- Try it
Make an exact transcript of the lines in the data below, starting with the one containing "We repeat the" and going on through the one containing "Printable Coloring Page", with both included and the pictures left out.

- Source data
************
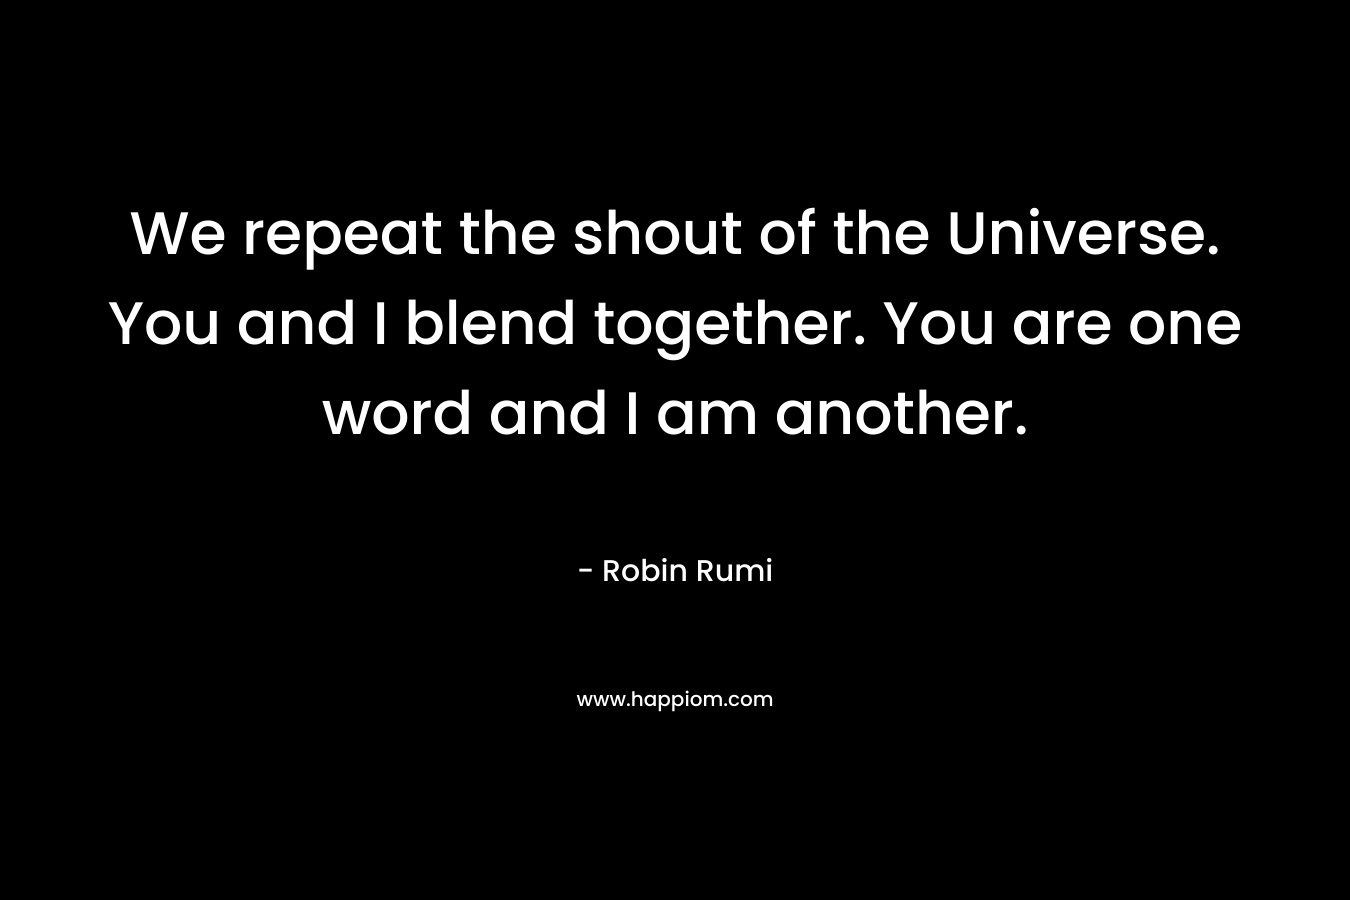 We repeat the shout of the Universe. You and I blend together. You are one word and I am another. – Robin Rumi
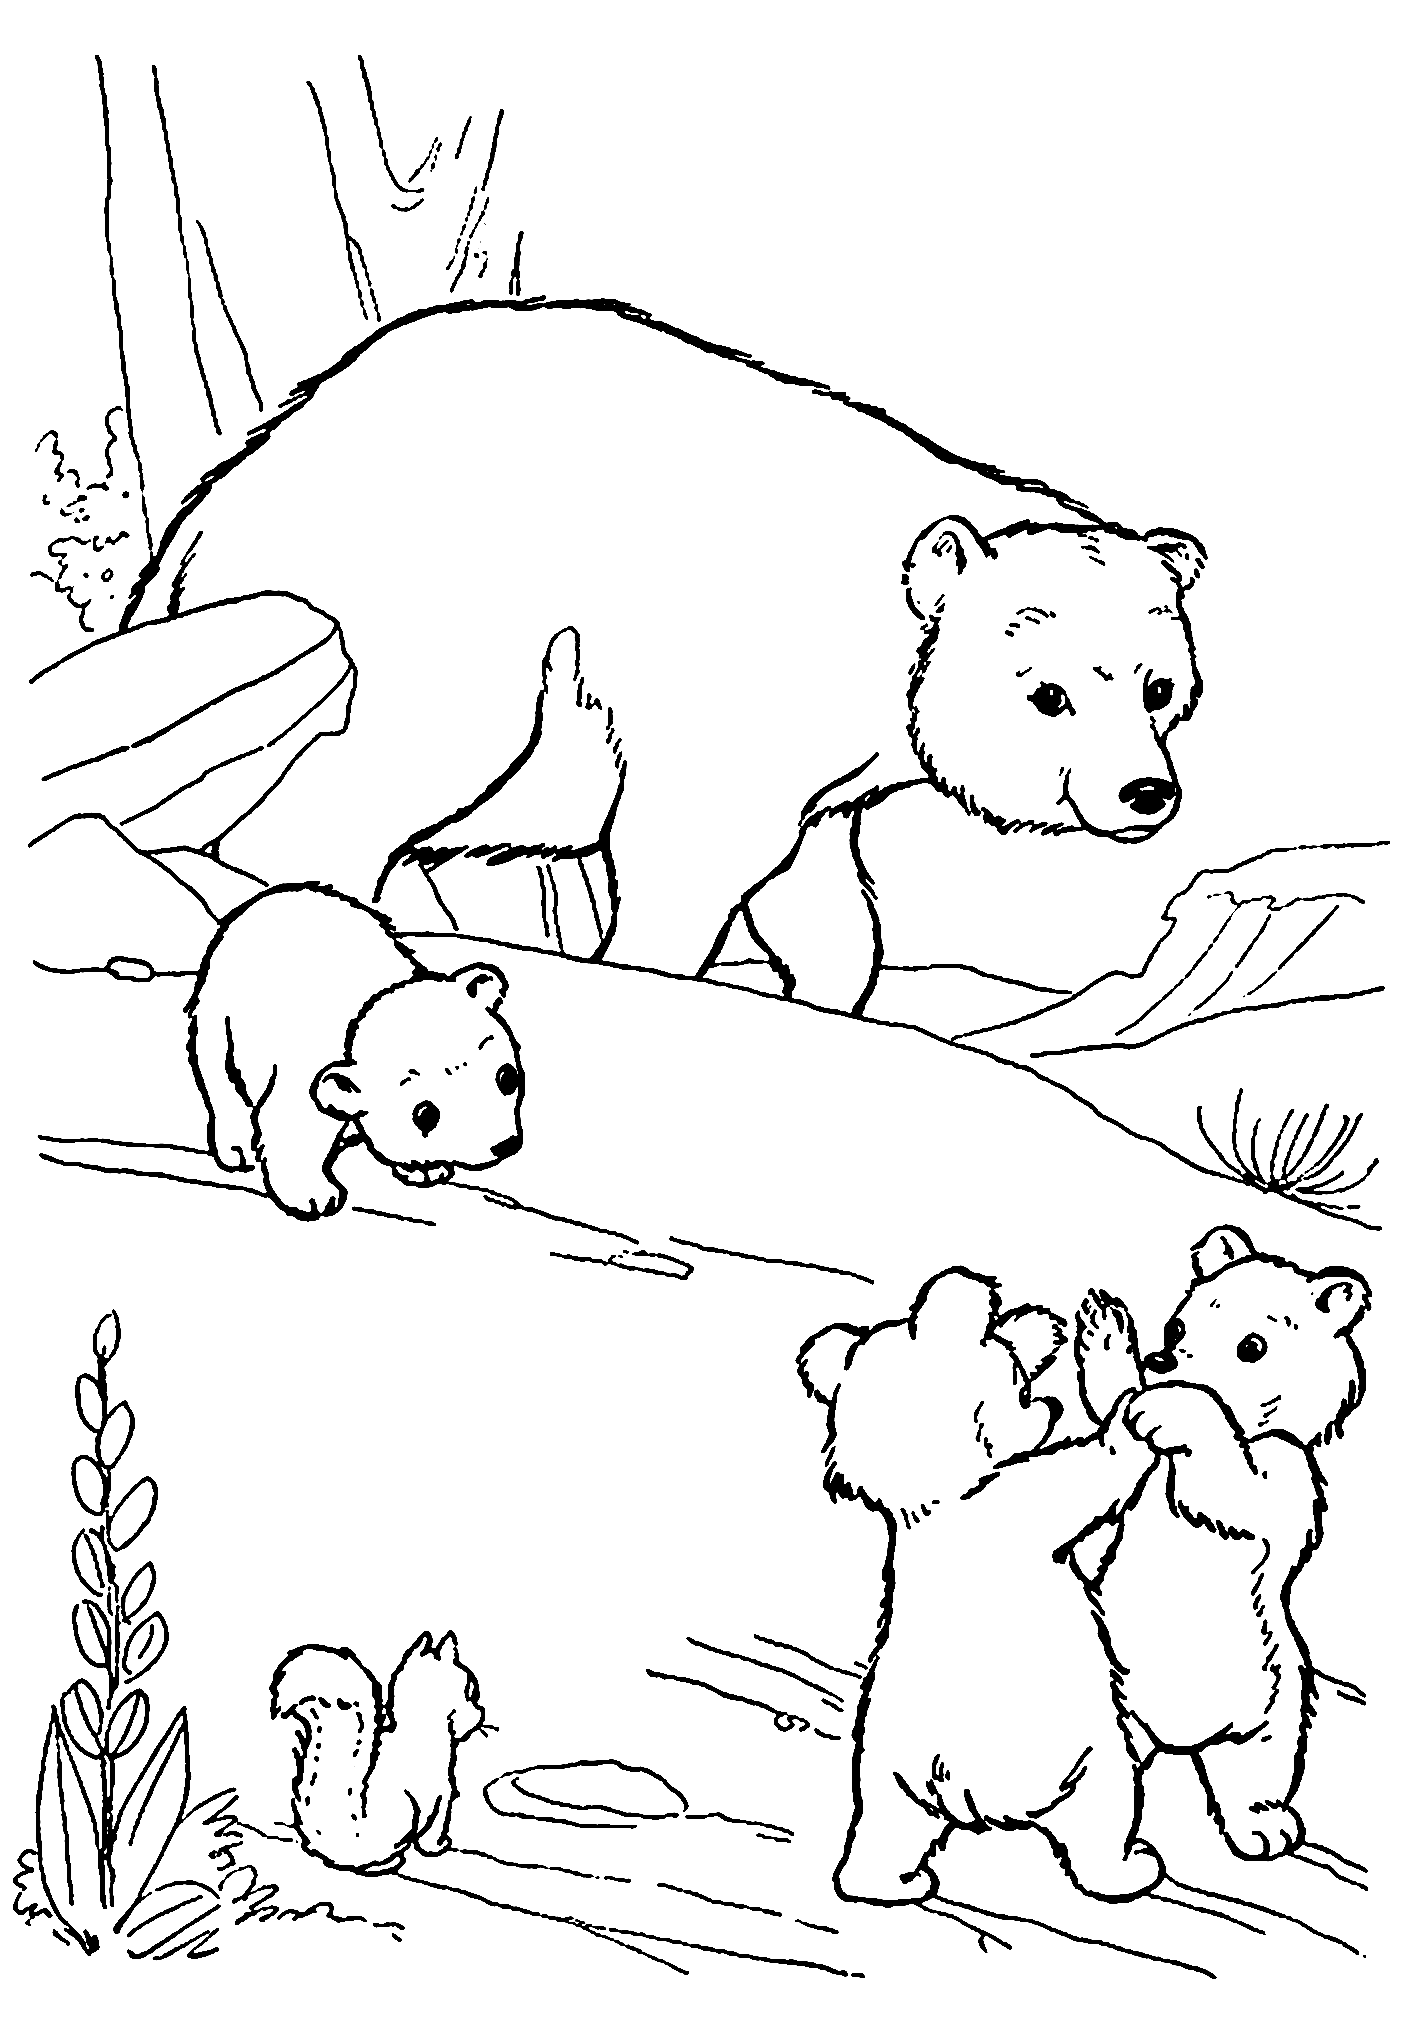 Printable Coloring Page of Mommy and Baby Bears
************
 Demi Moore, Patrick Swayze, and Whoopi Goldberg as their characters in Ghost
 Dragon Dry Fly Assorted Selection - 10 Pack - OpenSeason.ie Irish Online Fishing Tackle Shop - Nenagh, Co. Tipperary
************
- Response box
 We repeat the shout of the Universe. You and I blend together. You are one word and I am another. – Robin Rumi
 Printable Coloring Page of Mommy and Baby Bears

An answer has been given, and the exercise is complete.